Comment not to seem insensitive (Score 1) 737

as ive personally seen, "Booth Babes" are ubuquitous at other trade shows as well. The north american international auto show for example employs a few hundred. the great american motorcycle show quite a few more. Cigar afficionado has a show in Las Vegas that has "babes" behind silhouettes and in front of customers. the reason? Sex sells.

A censorship policy prohibiting women who are not fully clothed to your standard is probably what youre asking for as it applies to both booth bunnies and scantilly clad cosplayers alike. The real question that needs to be asked is what constitutes a moral dress code, and should we enforce it when children are present at conventions? we certainly do not enforce the dress code at the local public swimming pool, and the beach is likely just as offensive.

sorry if this comes off a bit rough, im an LA native, but how did you make it into Los Angeles in one piece let alone the Staples Center? the billboards have sexy women, the strip clubs advertise them outside the venues, the homeless are prone to fits of total nudity and your average male or female angelino on flower street can show up in anything from a 3 piece suit to a pair of mens daisy dukes and a cutoff.

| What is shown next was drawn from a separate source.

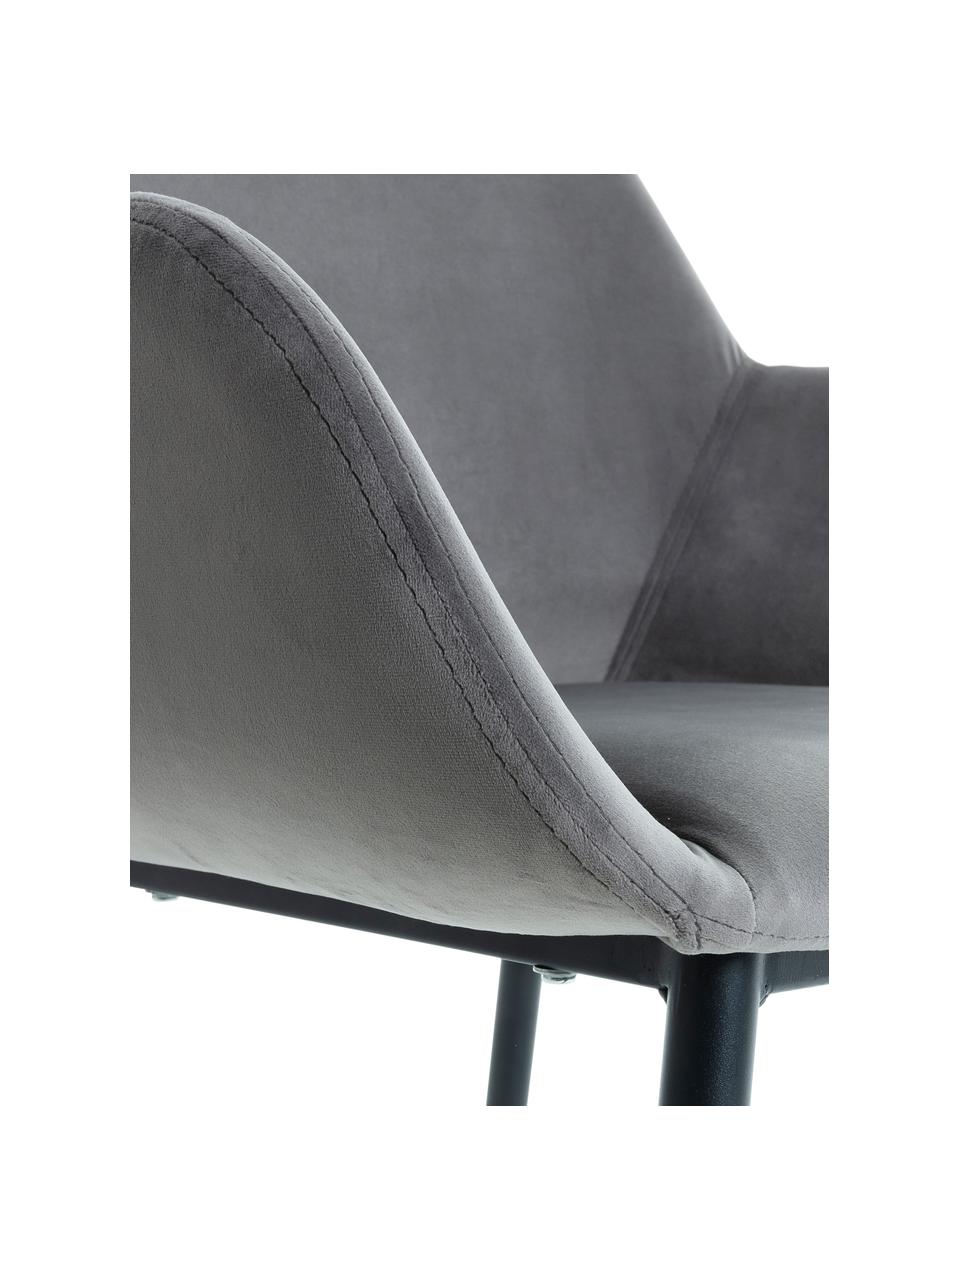 Krzesło z podłokietnikami z aksamitu Kona, 2 szt., Tapicerka: aksamit poliestrowy 50 00, Nogi: metal lakierowany, Szary, S 59 x G 52 cm

Comment so glad to see EA is back in the game again. (Score 5, Funny) 197

after the latest SimCity i was afraid i might never see EA release another title again. However with this latest acquisition i can see EA is still dedicated to the tradition of alienating consumers, infuriating players, and pedaling the franchise ever further into the dirt. A worry had crossed my mind that perhaps they might suddenly change direction, or maybe continue the sincere course the original developers had maintained for so long in order to foster a thriving online gaming community. Yet once i heard "EA was unavailable for comment," I signed in relief and smiled to myself, knowing somewhere, somehow, John Riccitiello's biggest care in the world was trying to find a port of call that not only offered both legitimate cuban cigars as well as fine vintage scotch, but could also fit the likes of his superyacht in on short-notice. Carry on you brave pioneer of the digital age.

Comment you're mistaken Bennett (Score 1) 114

Its facebook, hence youre the product. The product does not complain or pout or campaign. The product is sold to the market, and as long as a market exists for gender based hate speech the pages will exist as well.

now, with Nissan, you are a consumer. if you as a consumer dont appreciate their marketing on these pages then by all means direct your complaints to them. in turn Nissan will demand a partial refund for poor demographic targeting and insist facebook fine-tune its system to prevent further unrest and complaint from their customers.

Comment if it happens it will be a token gesture. (Score 1) 257

carriers and handset manufacturers have absolutely no incentive to make this happen. a market for phone theft insurance exists already, and the ability to disable a stolen phone would arguably reduce the number of phones providers could vend to a specific customer. District attorneys enjoy taking up cause celebre things like 'phone kill switches' because its an election year for most of these guys. rampant theft of the most coveted cellphones is a side effect of the philosophy of futility. That the very idea one might lose their bugati, prada, or iPhone is not only understood, but actively encouraged by advertisers subconsciously as a selling point of the product. exclusivity, social inequality, and elitism are all parts of the culture of conspicuous consumption we've all agreed are acceptable, nay, even ancicipated.

the effective solution is to keep expensive personal electronics secured on your person or away from view in questionable or dangerous areas and situations, or simply stop keeping up with the joneses and start buying something practical and affordable.